It’s often said that a picture is worth a thousand words, but it’s worth more than that at the Bone Daddy Outlaw Bar and Grill in Dubois, which has undergone a dramatic transformation since it was purchased last year by Ben Barto and his wife, Sherry.
Hanging in one corner of the bar is a picture that says it all, even if few might guess at all the layers of meaning it holds for its owner.
It is a photo of motorcycle handlebars looking out at a scenic vista. The words say simply, “Life Behind Bars.”
“I was in junior high when I had my first motorcycle,” Barto told Cowboy State Daily. “And I had a neighbor with a faster motorcycle. He always used to brag about how he would outrun the cops when he was speeding.”

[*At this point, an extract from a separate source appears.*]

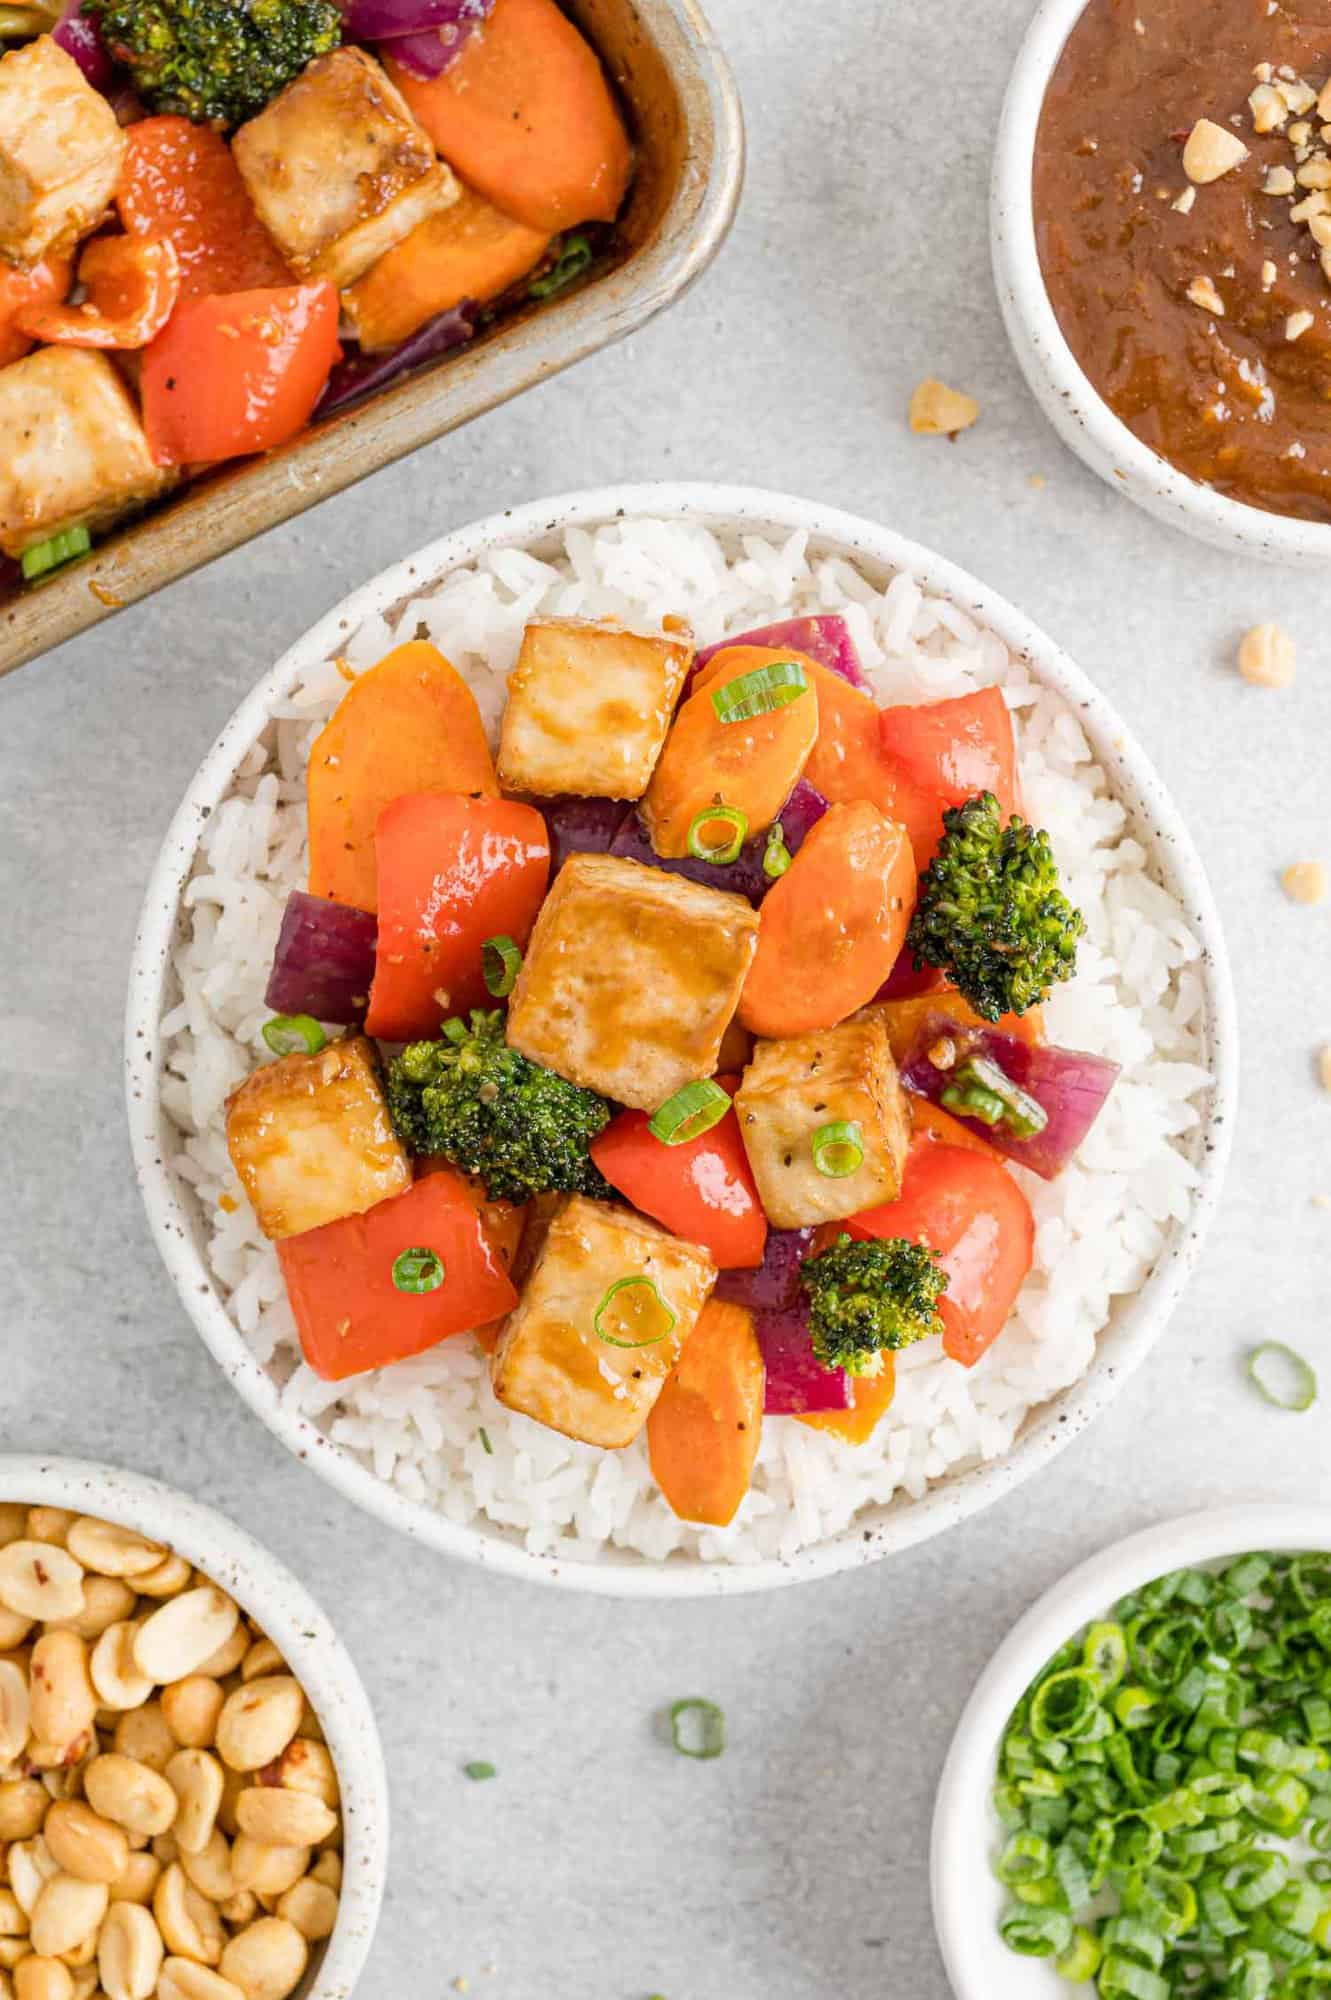 Tofu stir fry served with rice in a bowl.

The brag turned out to be just that — as Barto soon discovered.
“We were riding together one time and we decided we were going to take off and see who was faster,” he said. “No sooner did we get started than there was a highway patrolman coming at us.”
The patrolman flipped his lights on, and the neighbor who loved to brag about outrunning the law meekly pulled over to the side.
Barto, who’d never made such a claim, kept right on going.
“So the cop chased me for a while, and I couldn’t take a corner very well,” he recalled. “I had to lay the bike over and he caught up to me.”

'He Was A Friend Of Mine'
Barto knew this was bad in every possible way, but he didn’t know just how bad until he got a look at the officer’s face.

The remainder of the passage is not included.